■ Exercise directions: I need the lines from the one holding "Bacon cheddar scones" to the last line of the data below repeated exactly, both included, without pictures.

■ Source material:

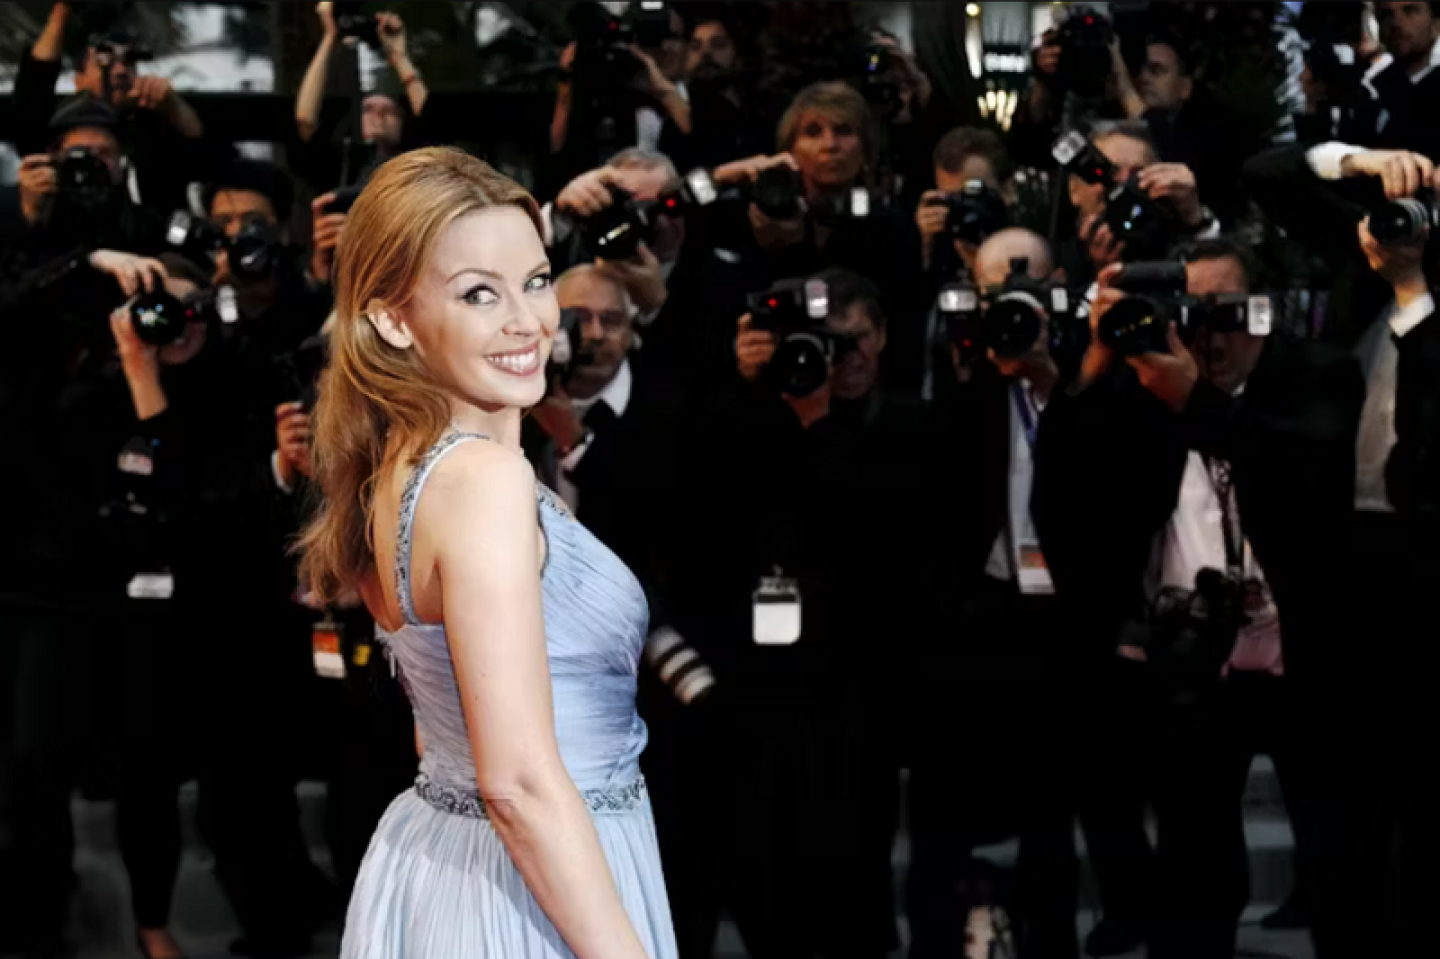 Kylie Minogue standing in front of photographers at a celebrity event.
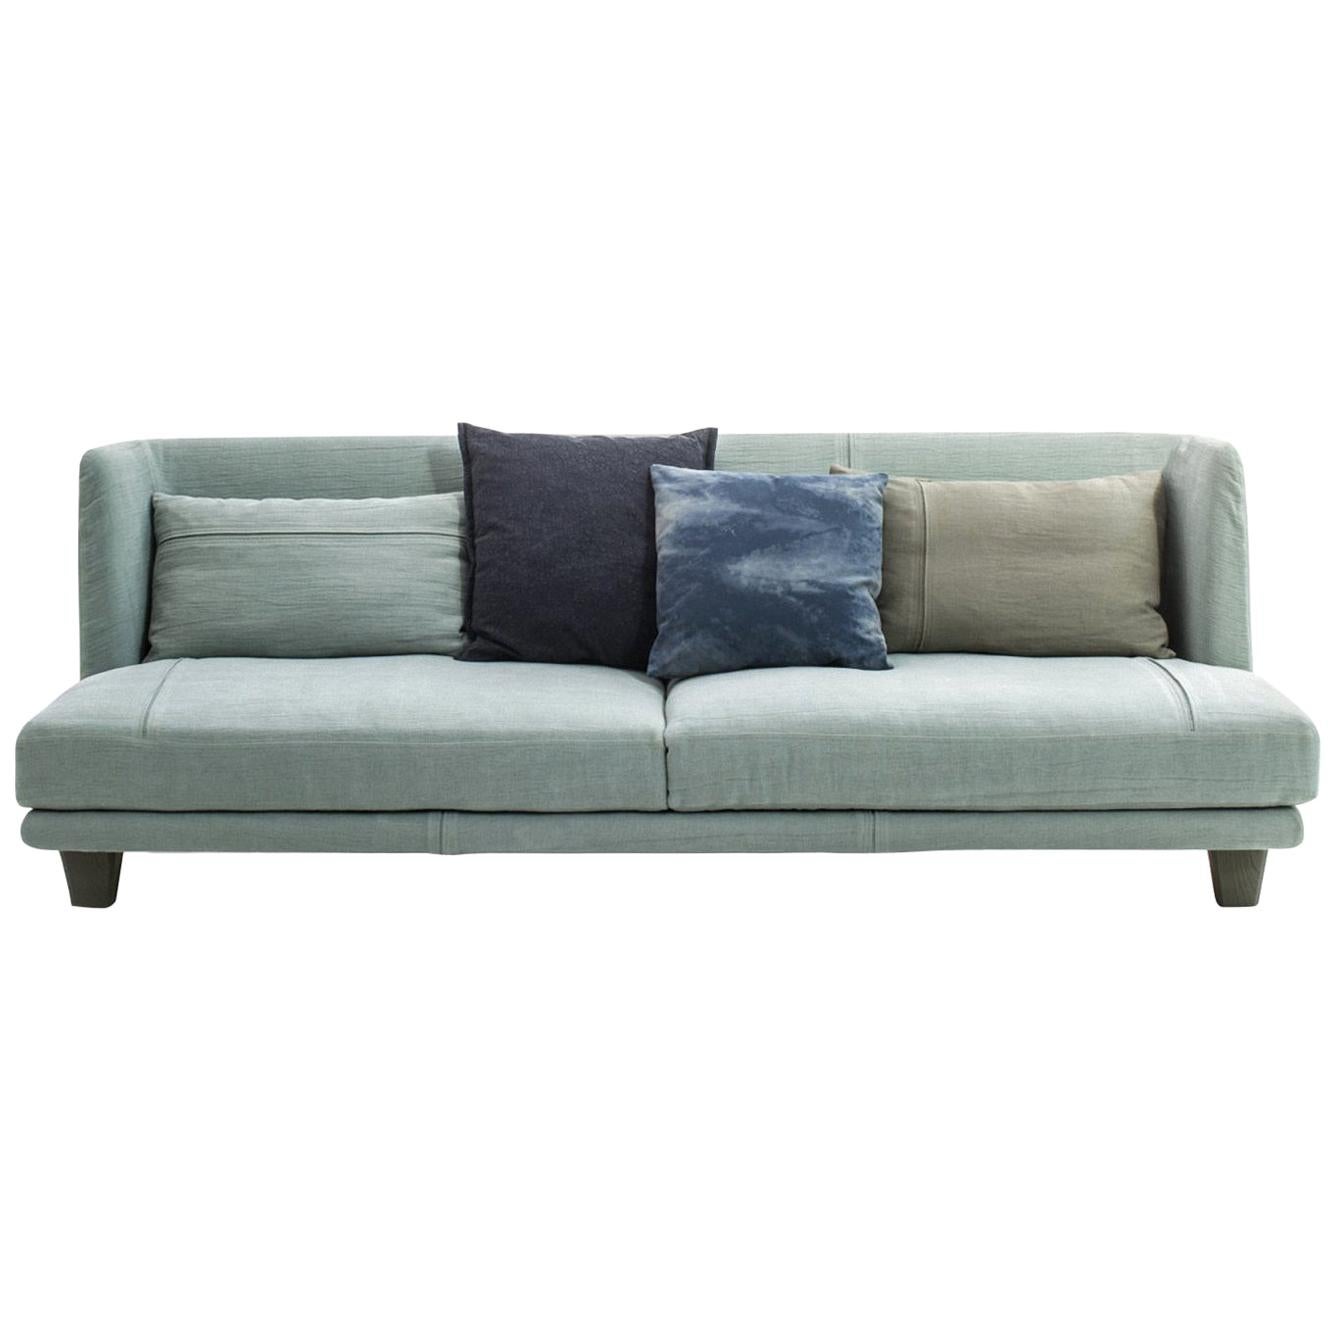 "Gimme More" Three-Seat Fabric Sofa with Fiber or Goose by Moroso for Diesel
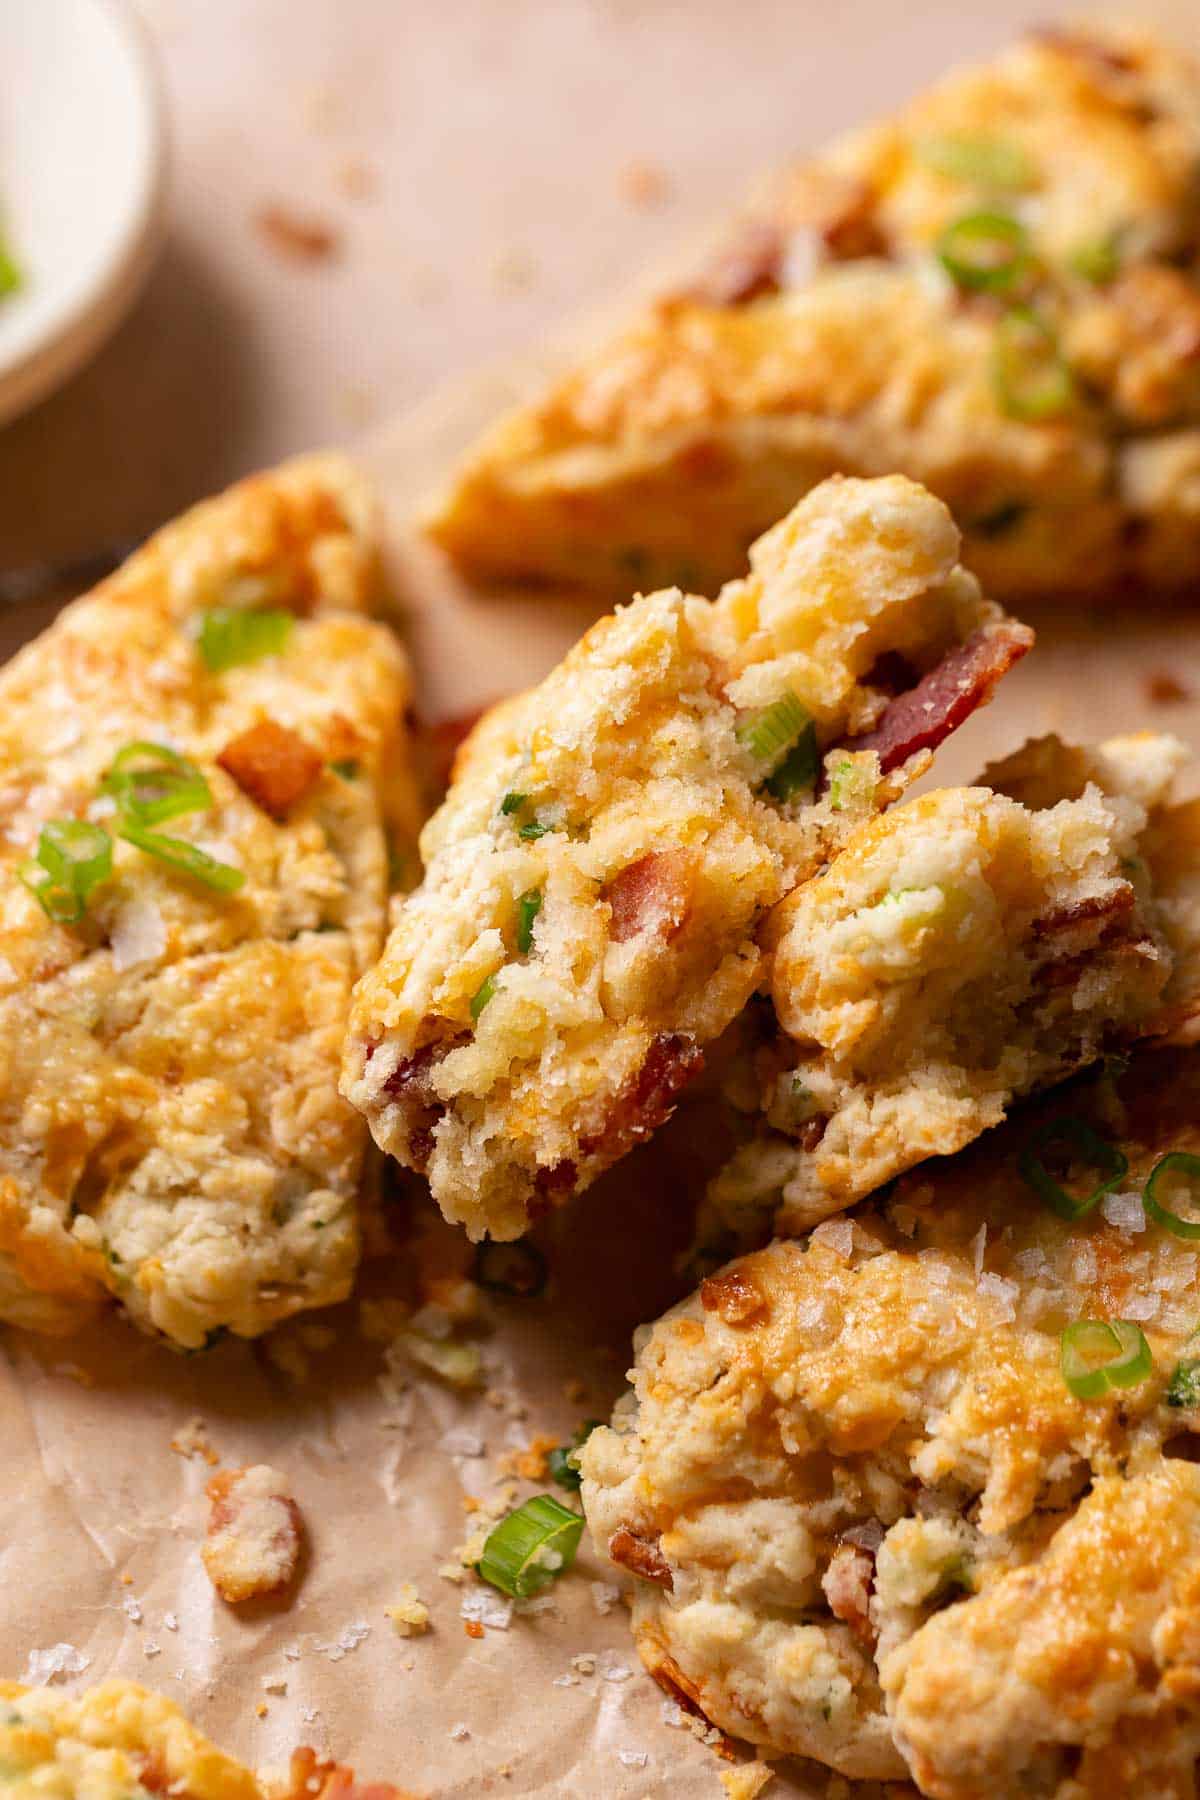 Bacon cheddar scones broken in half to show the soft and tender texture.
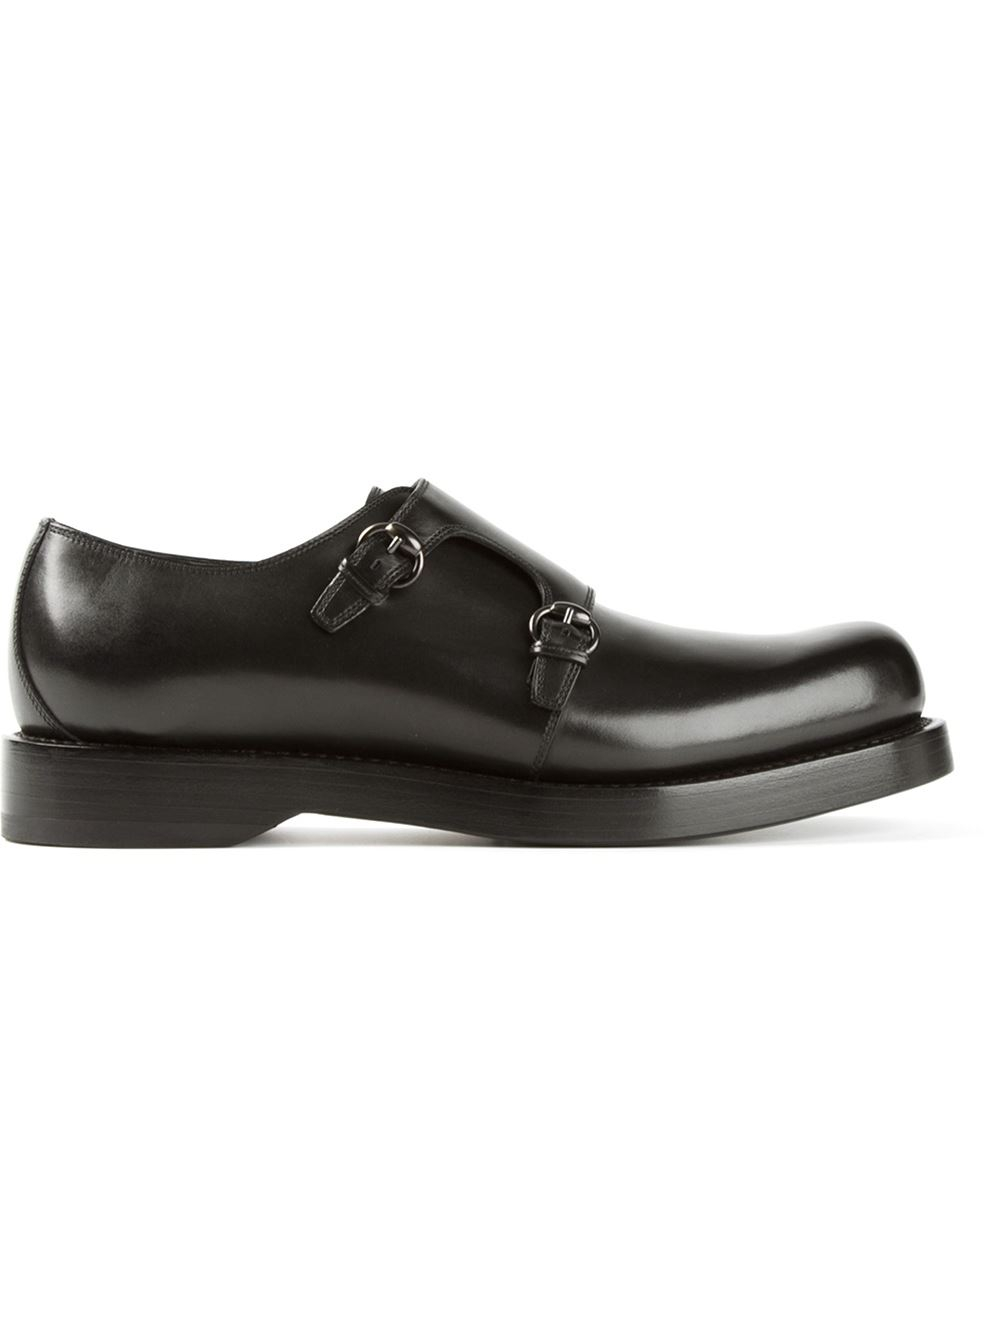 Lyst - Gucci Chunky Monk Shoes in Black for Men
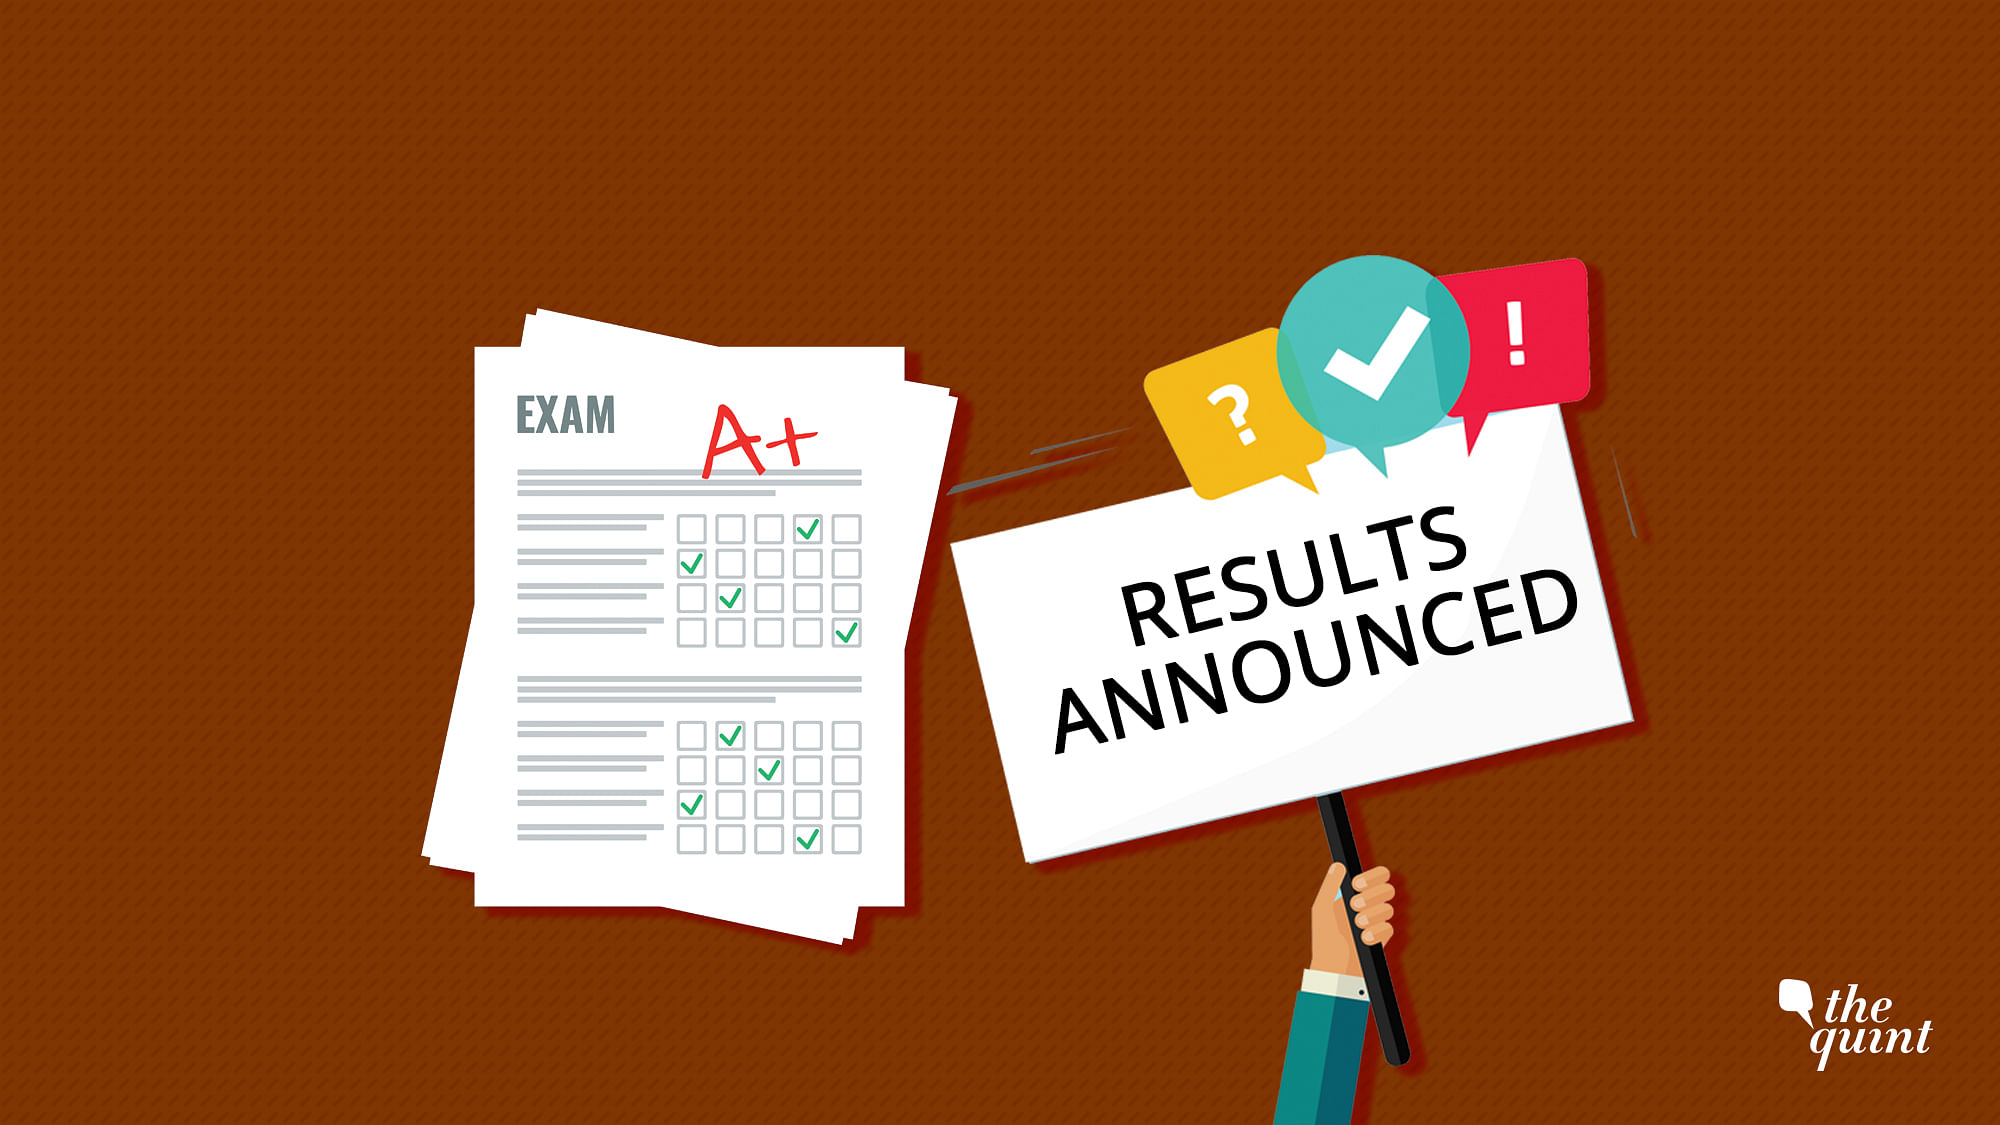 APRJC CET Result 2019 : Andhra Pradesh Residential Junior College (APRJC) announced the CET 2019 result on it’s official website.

■ Answer for this exercise:
 Bacon cheddar scones broken in half to show the soft and tender texture.
 Lyst - Gucci Chunky Monk Shoes in Black for Men
 APRJC CET Result 2019 : Andhra Pradesh Residential Junior College (APRJC) announced the CET 2019 result on it’s official website.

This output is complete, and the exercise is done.